Exercise brief>
Using the records that follow, reproduce exactly the lines starting at the line containing "Tandartspraktijk Geraeds /" and ending at the line containing "Pastel Rainbow Polygon". Include both end lines and no pictures.

-- Data extracts follows --

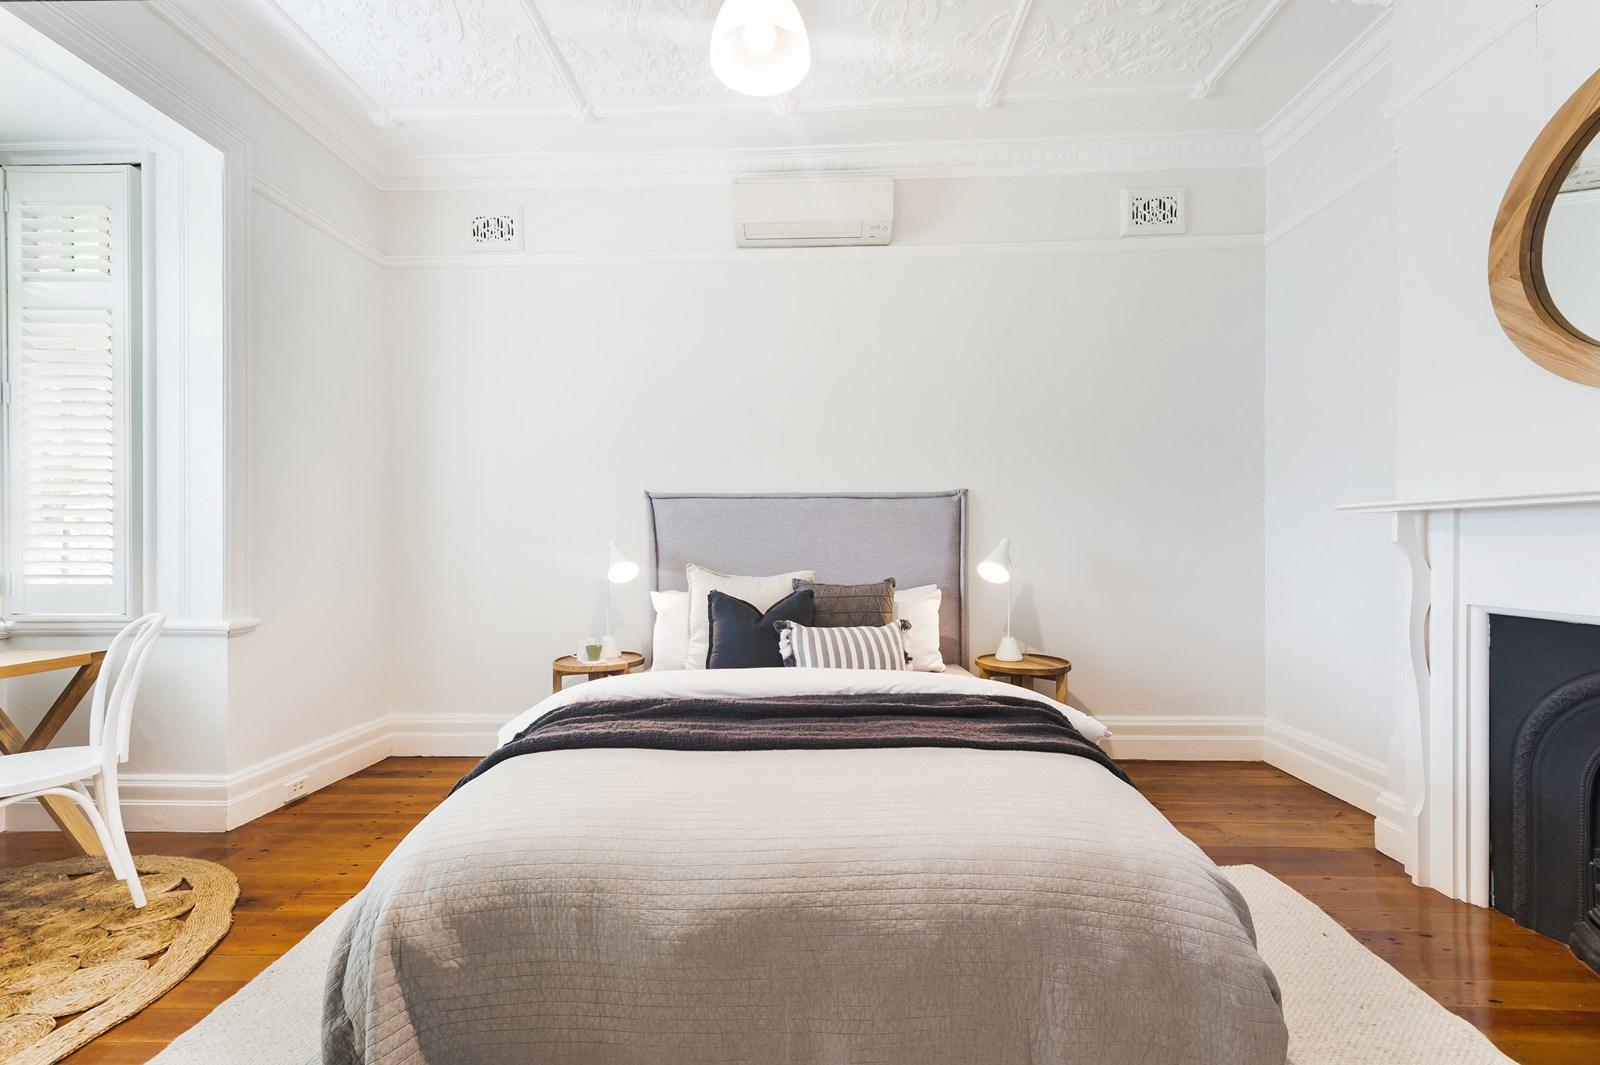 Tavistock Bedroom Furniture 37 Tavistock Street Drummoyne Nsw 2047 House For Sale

-- Data extracts concluded --
-- Data extracts follows --

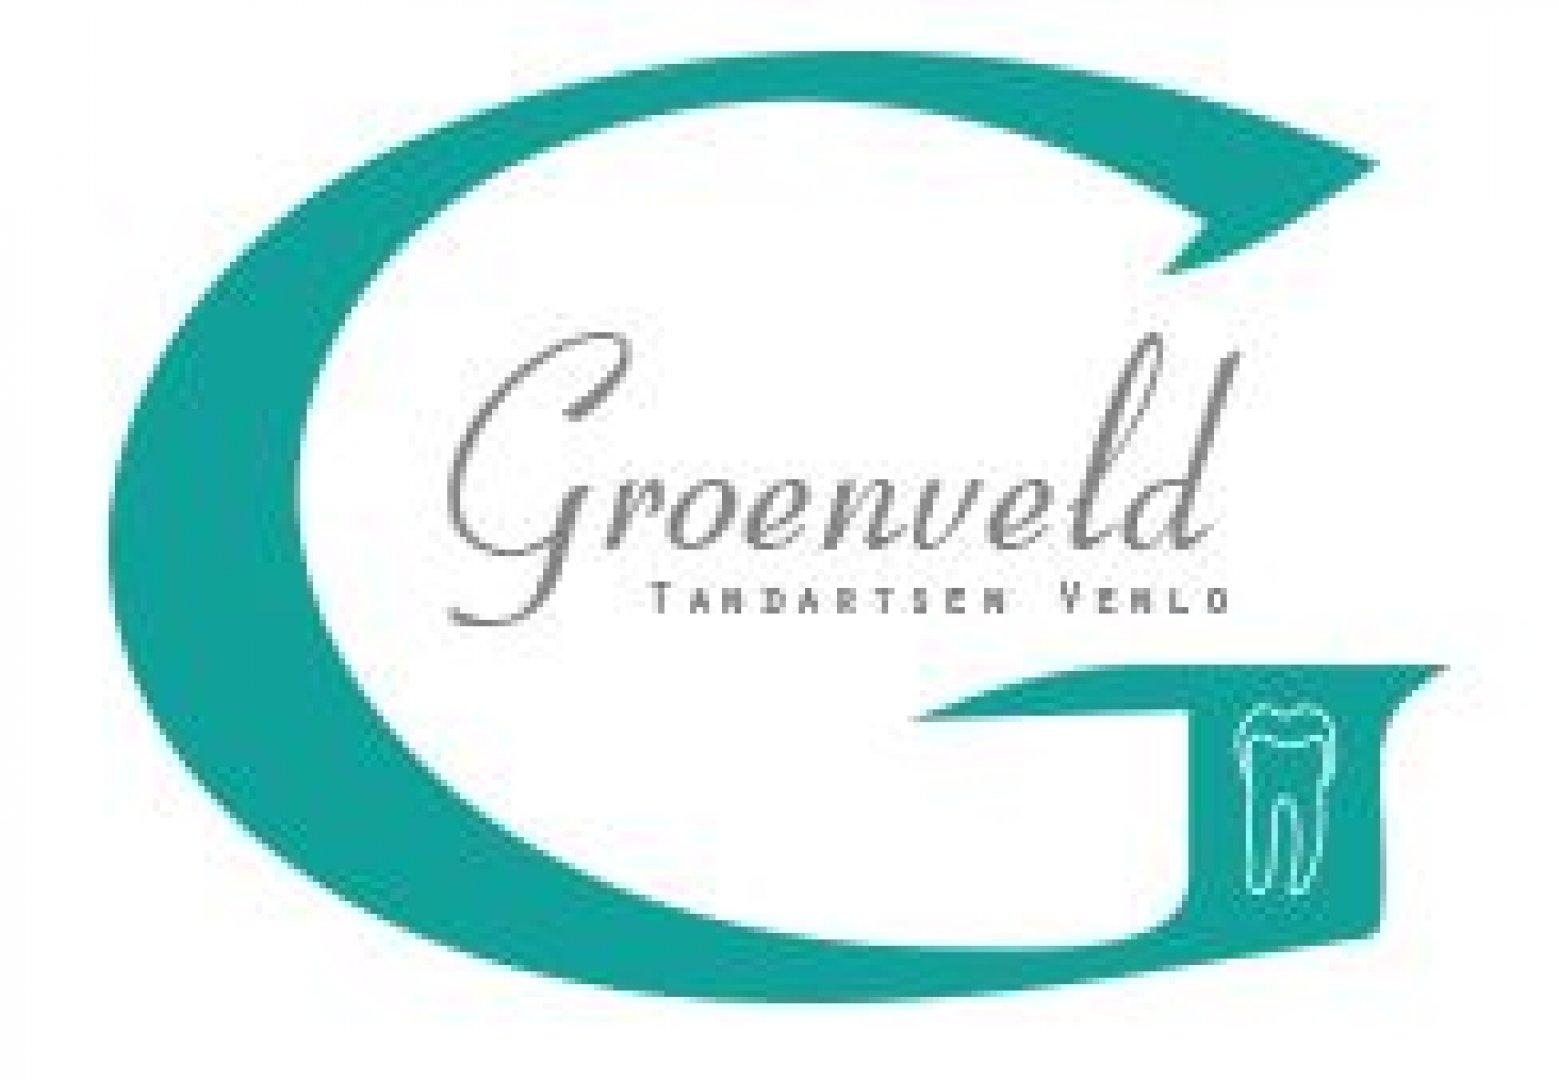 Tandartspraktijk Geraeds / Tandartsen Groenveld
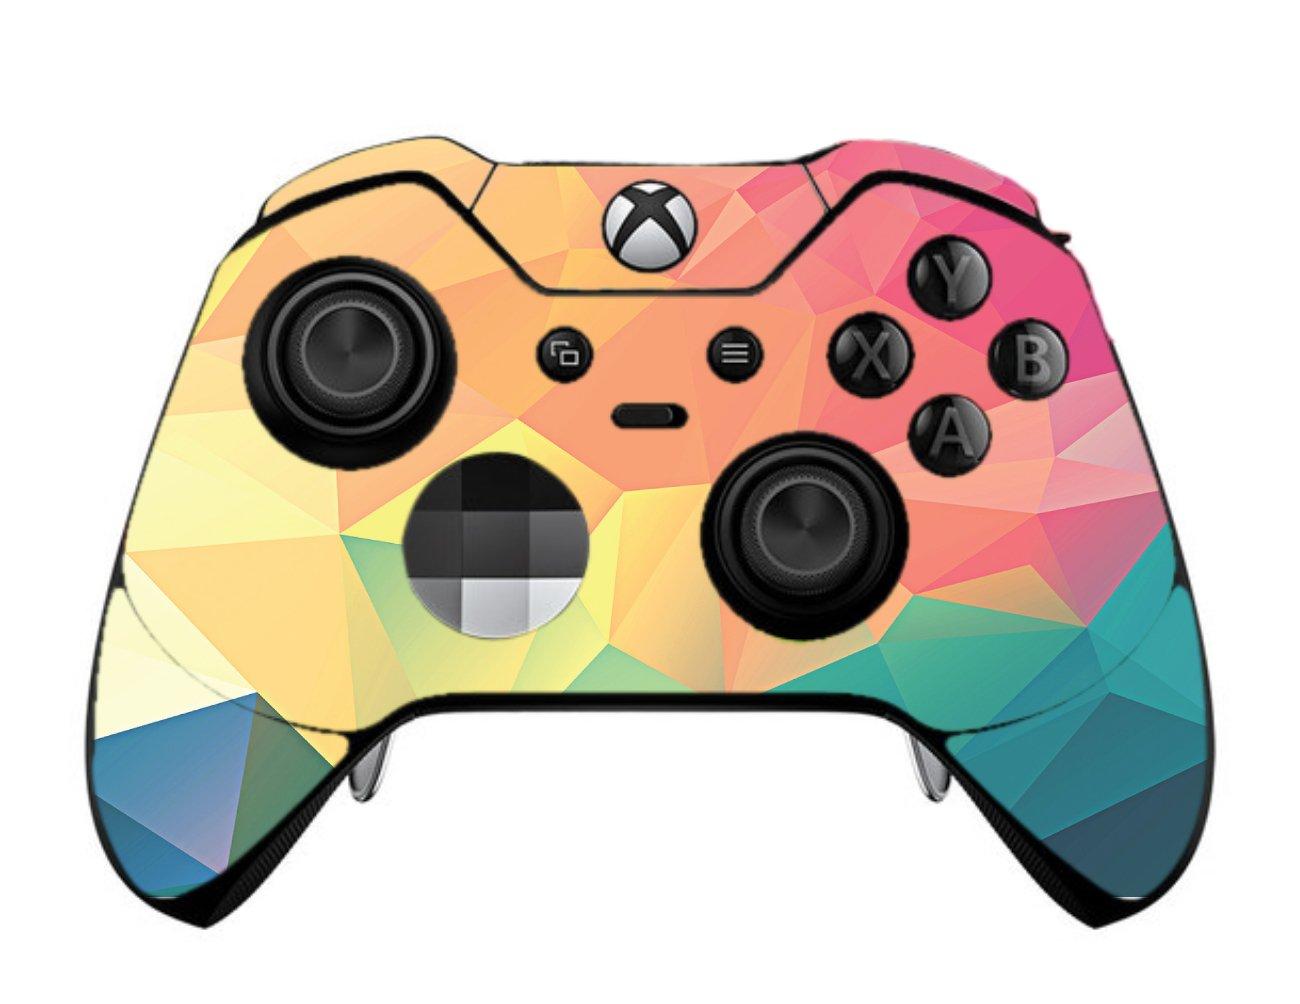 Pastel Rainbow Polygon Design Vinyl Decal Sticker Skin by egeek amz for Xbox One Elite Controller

-- Data extracts concluded --

Answer to this exercise>
 Tandartspraktijk Geraeds / Tandartsen Groenveld
 Pastel Rainbow Polygon Design Vinyl Decal Sticker Skin by egeek amz for Xbox One Elite Controller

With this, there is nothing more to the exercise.